*Try it:* All of the data below must be reproduced word for word, but without its images.

*Data extract:*
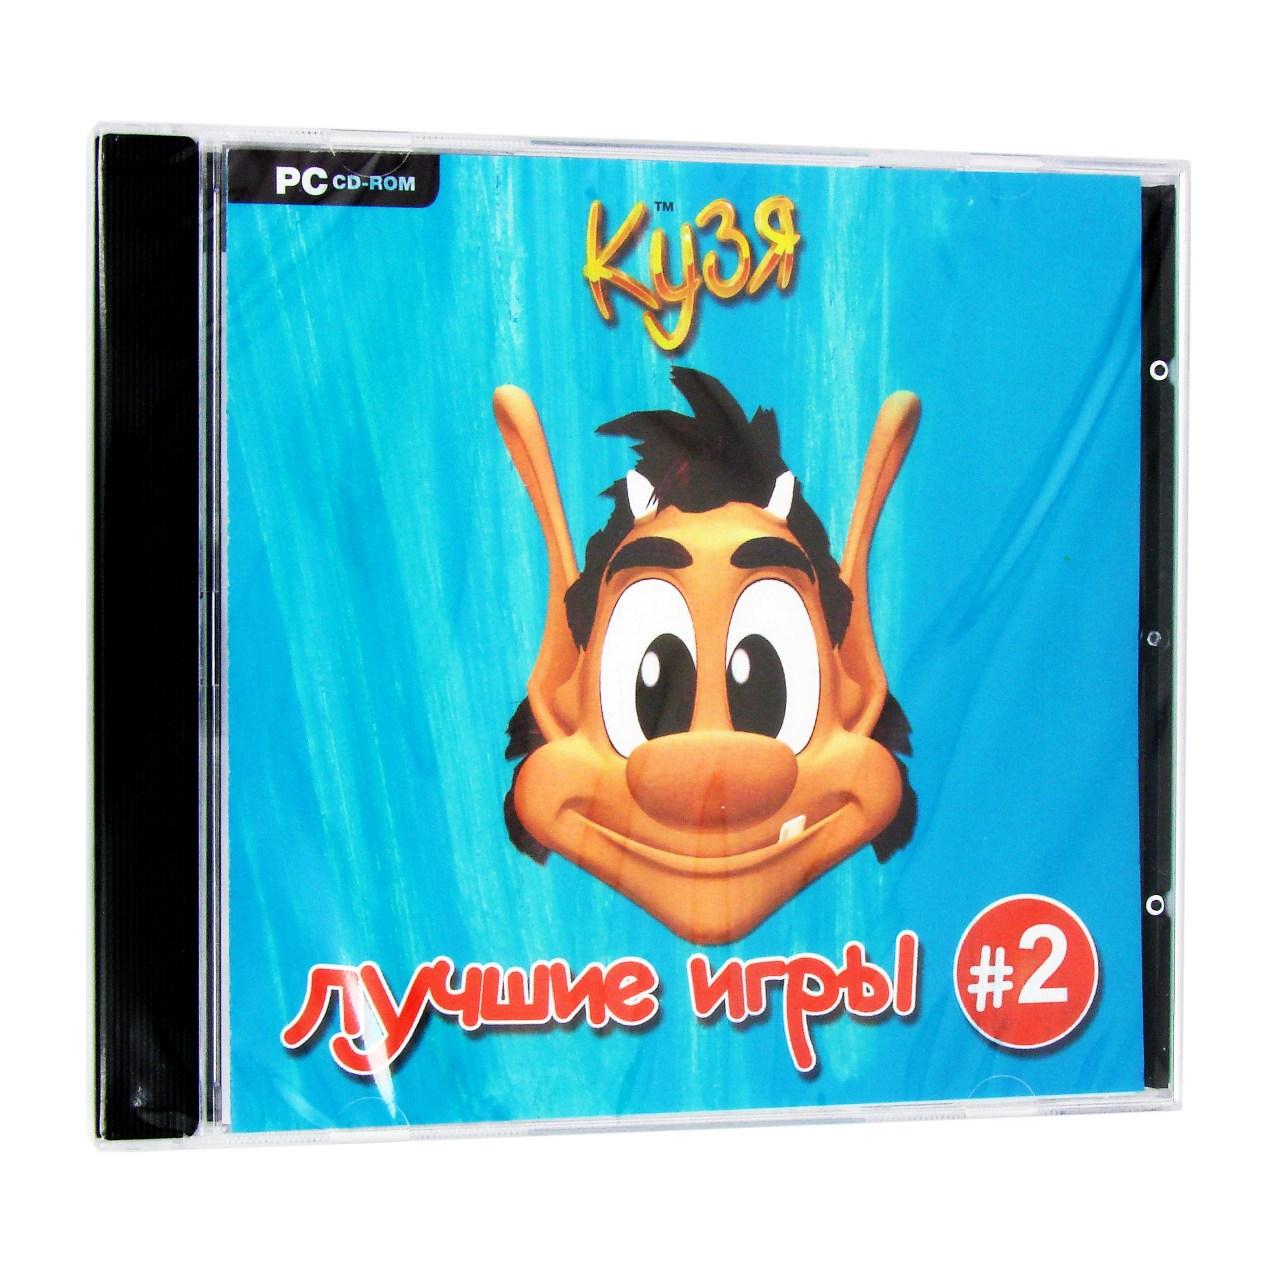 Компьютерный компакт-диск Кузя 2 (ПК), фирма "Новый диск", 1CD
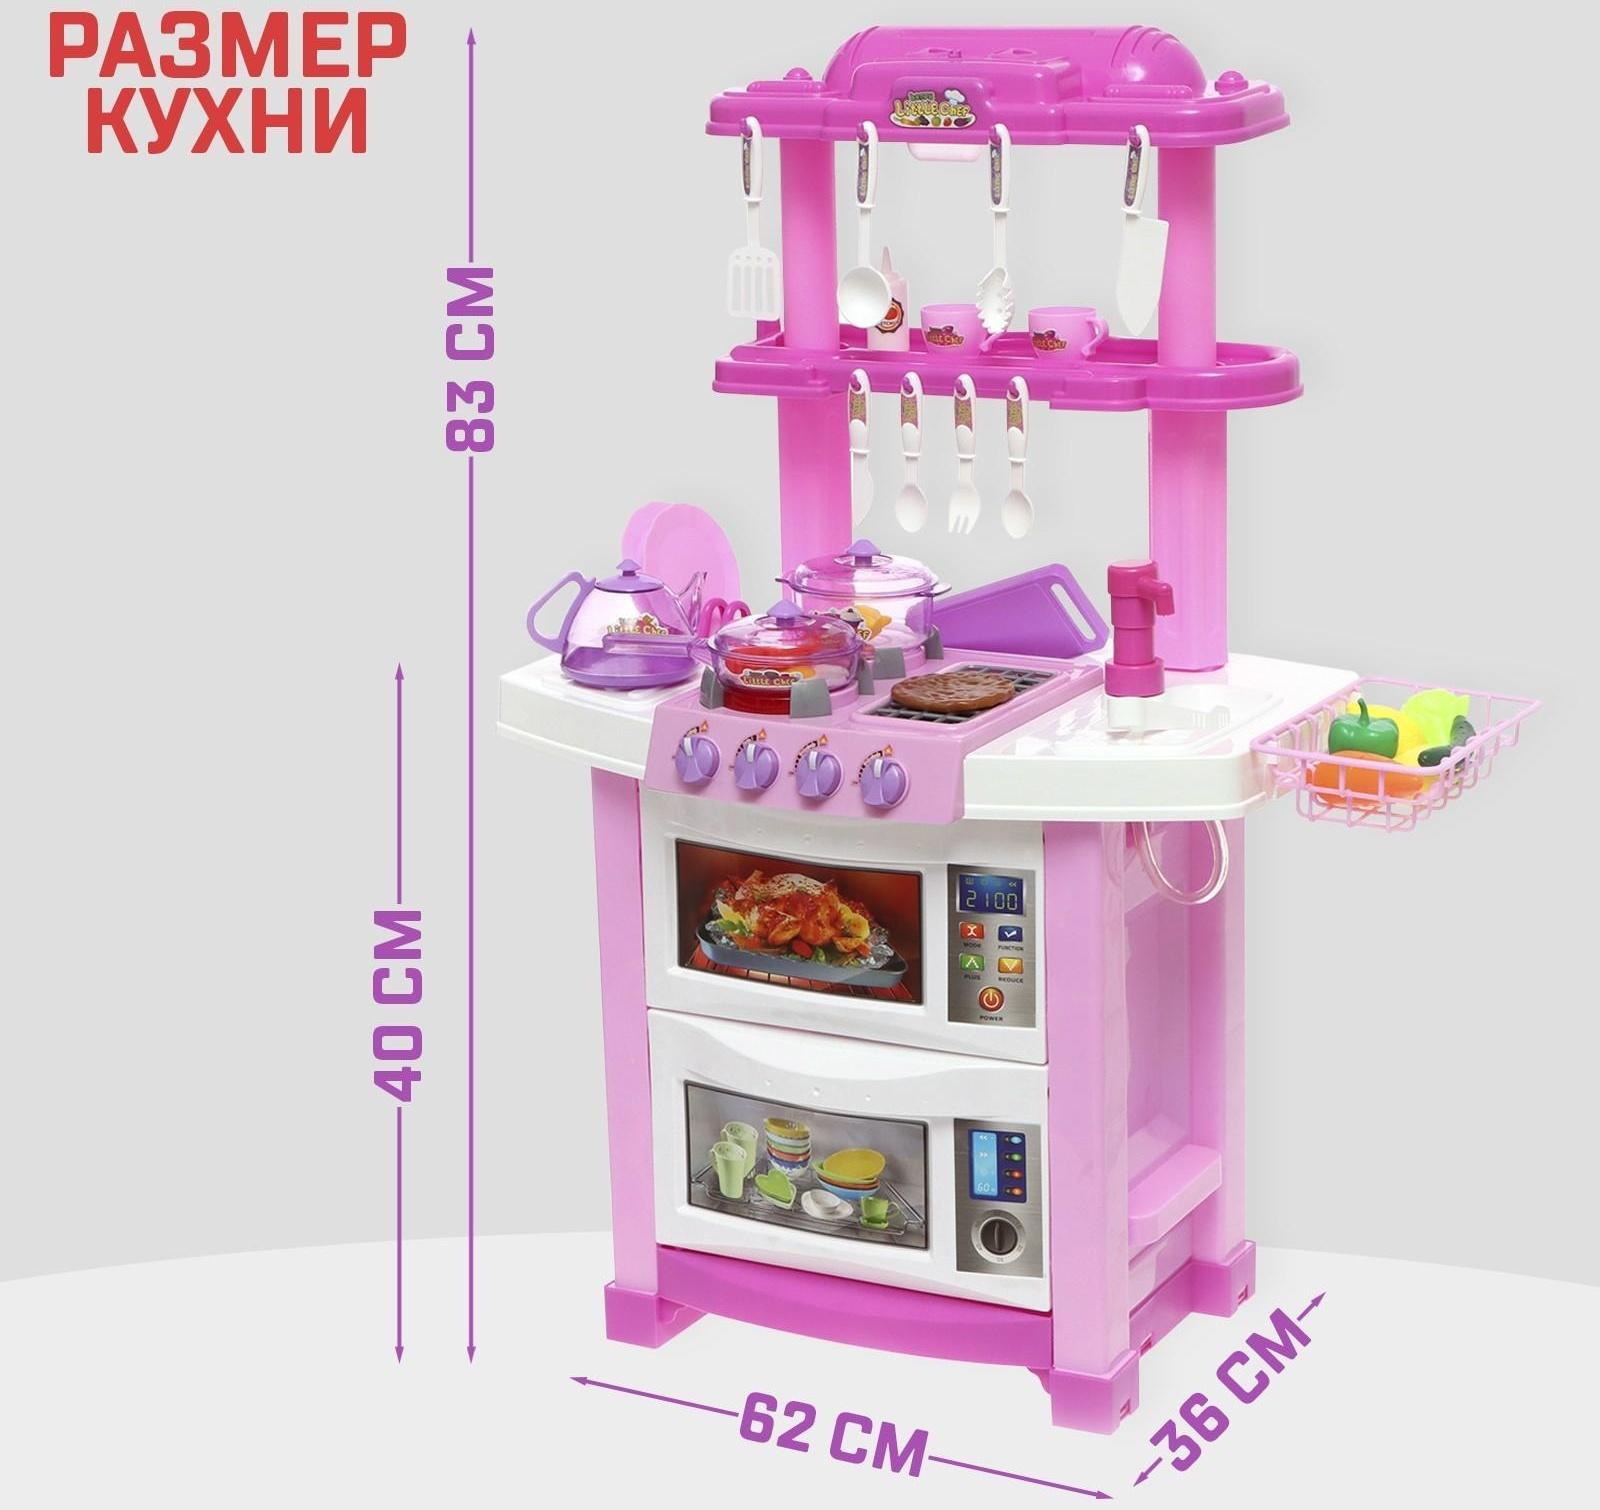 Игровой набор «Лучшая кухня» с аксессуарами, световые и звуковые эффекты, бежит вода из крана, 33 предмета
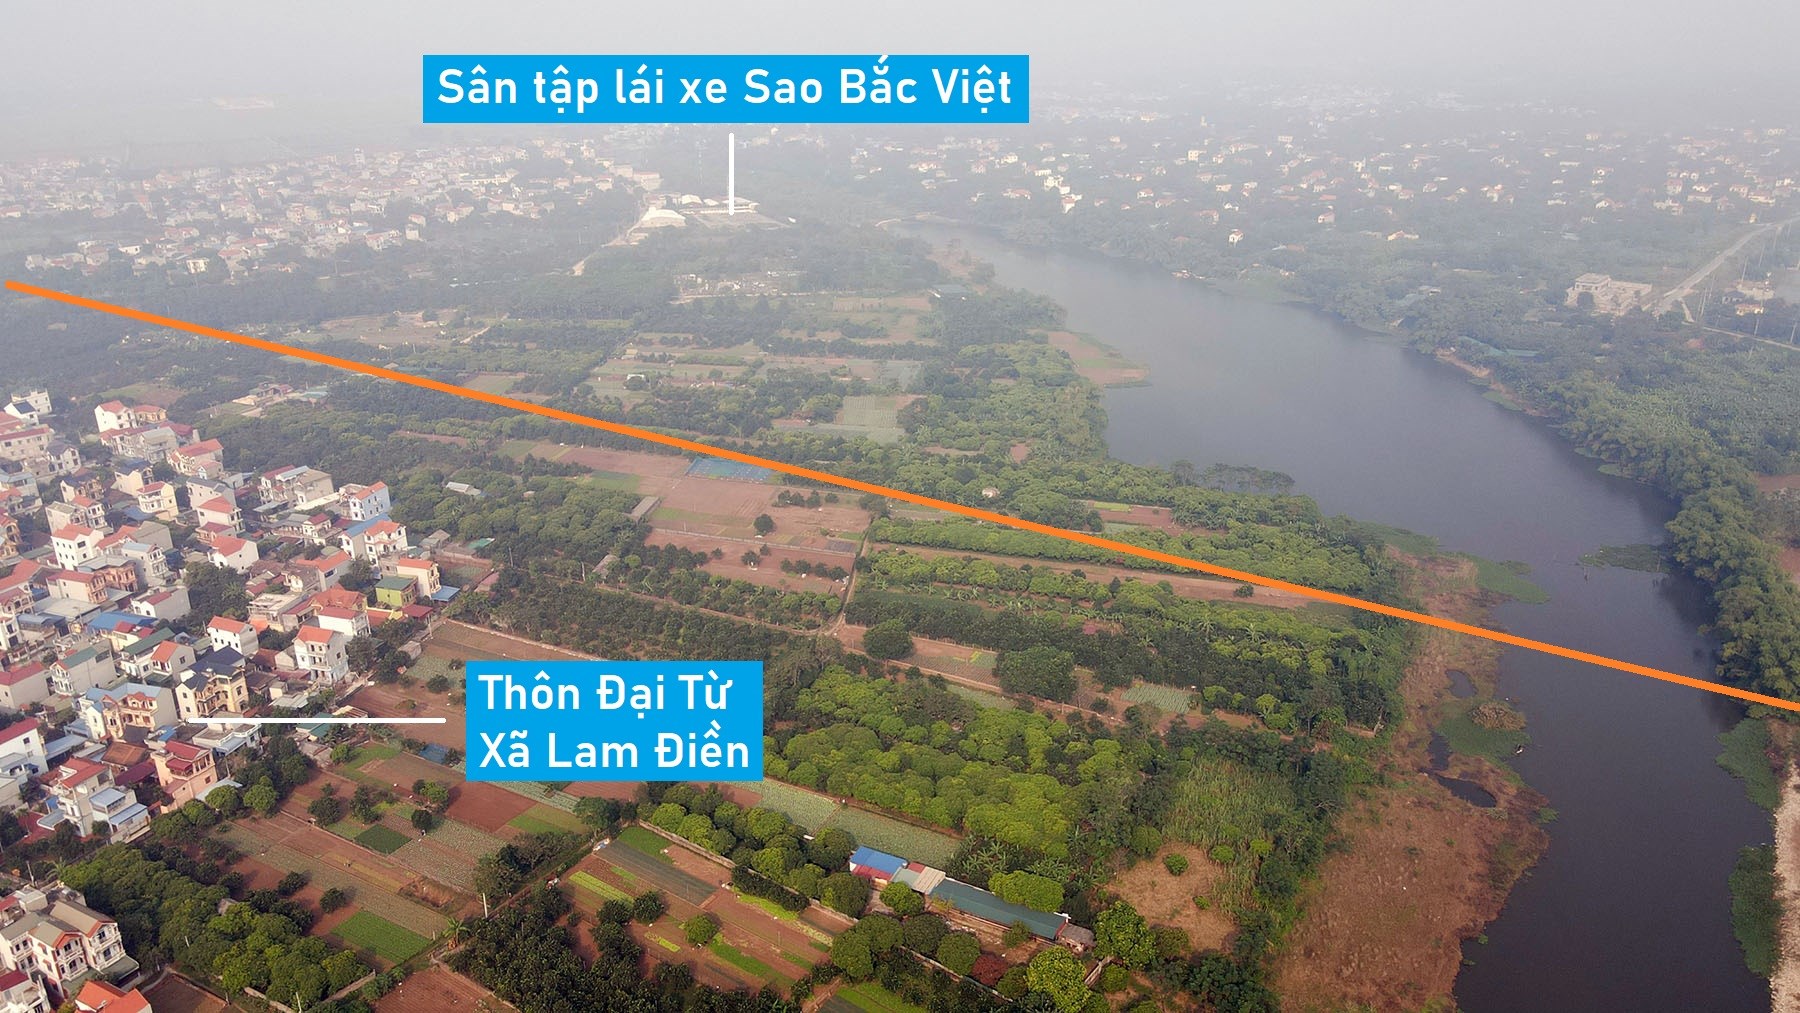 Toàn cảnh vị trí quy hoạch cầu vượt sông Đáy nối huyện Chương Mỹ - Thanh Oai, Hà Nội
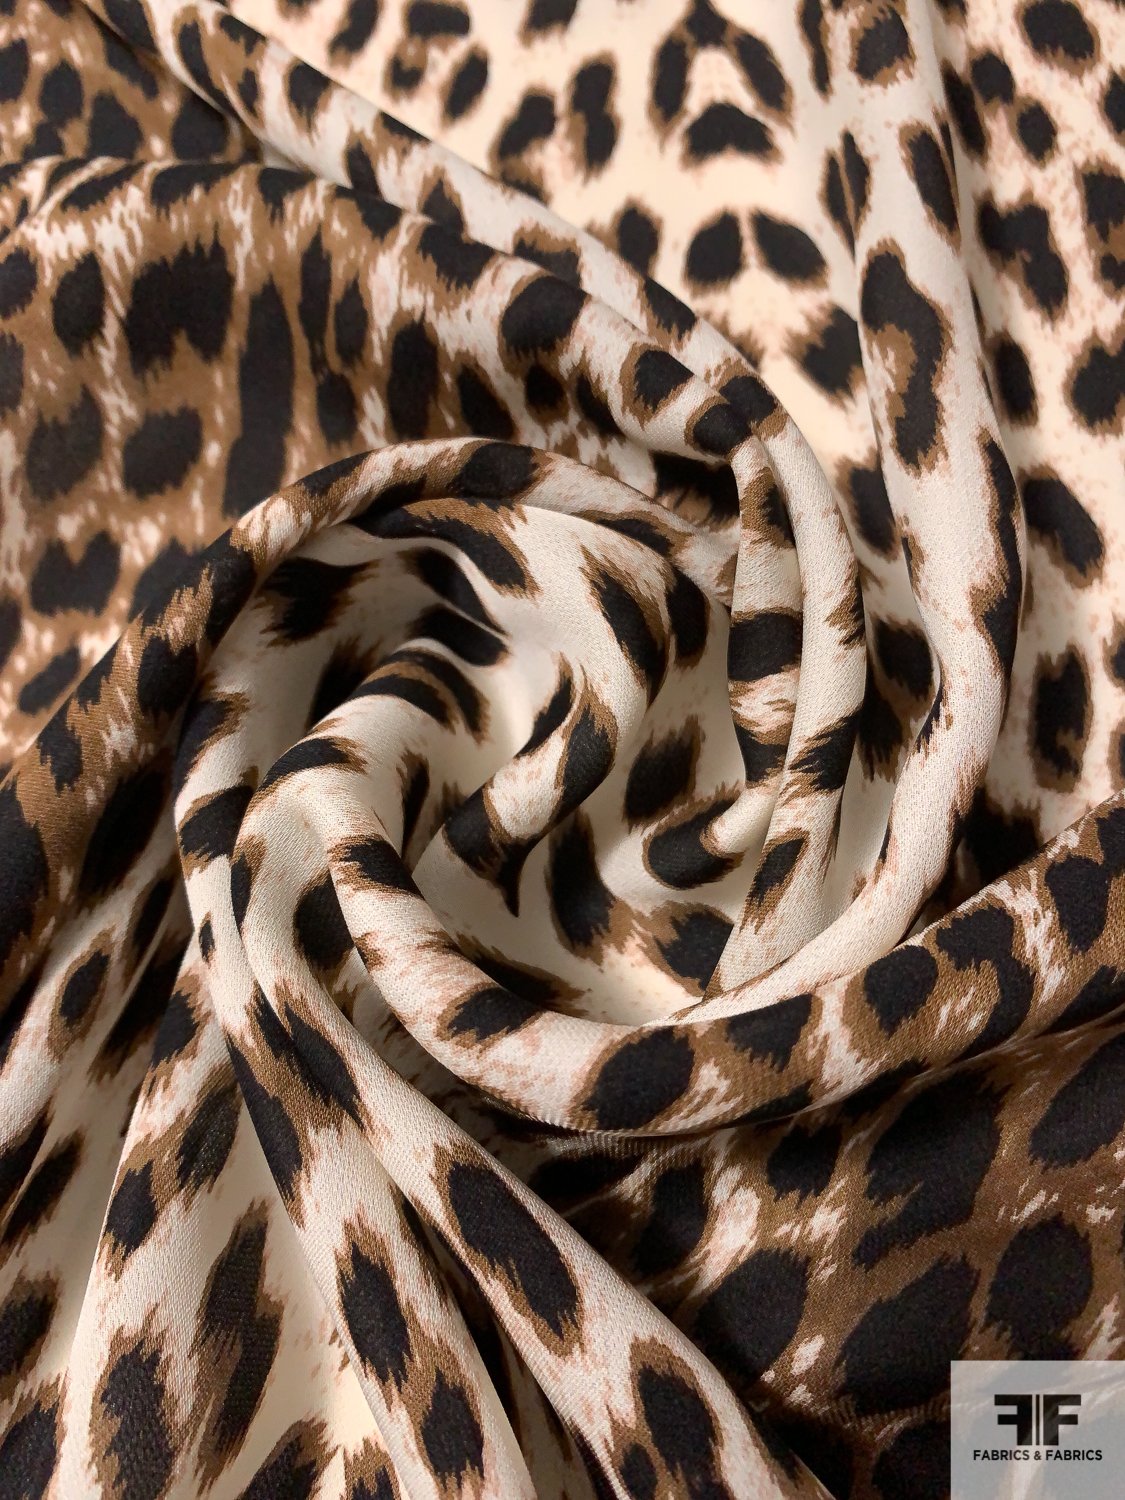 Animal Pattern Printed Silk Georgette - Brown/Black/White

*Exercise answer:*
 Компьютерный компакт-диск Кузя 2 (ПК), фирма "Новый диск", 1CD
 Игровой набор «Лучшая кухня» с аксессуарами, световые и звуковые эффекты, бежит вода из крана, 33 предмета
 Toàn cảnh vị trí quy hoạch cầu vượt sông Đáy nối huyện Chương Mỹ - Thanh Oai, Hà Nội
 Animal Pattern Printed Silk Georgette - Brown/Black/White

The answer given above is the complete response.